If the cause is a restart or rolling upgrade

Do not restart the API server again. Allow the watch cache to warm. Ensure the container memory limit has headroom for the re-list burst, which can temporarily spike RSS 2-3x above baseline. If the API server is crash-looping due to OOM, raise the memory limit before it restarts, and set GOMEMLIMIT to roughly 90% of the container limit so the Go runtime triggers garbage collection earlier.

If the cause is watch cache overflow

Increase --watch-cache-sizes for the affected resource type. The default cache capacity is set at startup and cannot be changed dynamically, so an API server restart is required to apply new values. Schedule the restart during a maintenance window or ensure remaining instances can absorb the shifted load. Before restarting, ensure the new capacity exceeds the peak object count for that resource; churn rate determines how quickly the cache cycles.

If the cause is direct etcd watches

Identify clients that are bypassing the API server watch cache, including direct etcd watch sessions. These watches hold unbounded buffers and can exhaust etcd’s watch window, starving all other watchers and forcing global termination. Reconfigure the client to use the API server or to adopt a current resourceVersion.

If the cause is HA resourceVersion divergence

Verify that your load balancer is not flipping clients between API server instances during reconnect storms. If one instance is consistently behind, investigate why its watch cache is not catching up. Temporarily reducing the number of serving instances can force clients onto a stable, synced instance while the lagging instance recovers. Warning: this concentrates load on the remaining instances and can worsen the storm. Use only if the remaining instances have confirmed CPU, memory, and network headroom.
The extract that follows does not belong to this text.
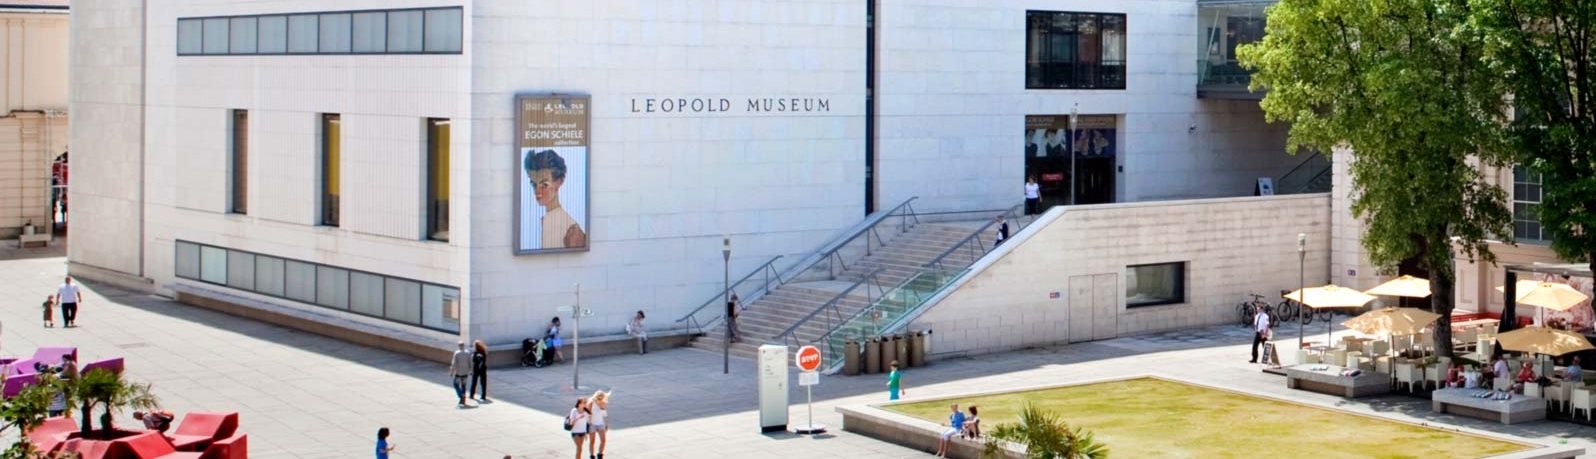 Музей Леопольда

If the cause is APF or inflight saturation

Raise --max-requests-inflight and --max-mutating-requests-inflight only if the host has CPU and memory headroom. Do not increase limits on an already memory-starved API server. Tune APF PriorityLevelConfiguration to give system and leader-election flows more concurrency shares so that bulk re-list traffic does not starve critical control plane loops.

Prevention

  • Size API server memory limits for burst load, not steady state. Re-list storms can allocate temporary memory equal to several multiples of the response size.
  • Tune --watch-cache-sizes proactively as object counts grow. Monitor apiserver_storage_objects per resource type to predict cache pressure.
  • Ensure APF flow schemas isolate bulk LIST traffic from system-critical traffic. Monitor apiserver_flowcontrol_rejected_requests_total.
  • Audit controllers and operators for direct etcd WATCH behavior and for aggressive reconnection logic without exponential backoff.
  • Use API server readiness checks in your load balancer to avoid routing traffic to instances with cold watch caches.
  • Monitor etcd disk latency and leader stability. Slow etcd extends the time the watch cache takes to catch up after a restart.

How Netdata helps

  • Correlate LIST latency, API server RSS, inflight requests, and etcd list latency on one timeline to distinguish cache pressure from etcd saturation.
  • Track active WATCH connections and watch event rates to spot disconnections before they trigger re-lists.
  • Alert on composite signals: LIST latency spikes combined with 410 rates and memory pressure.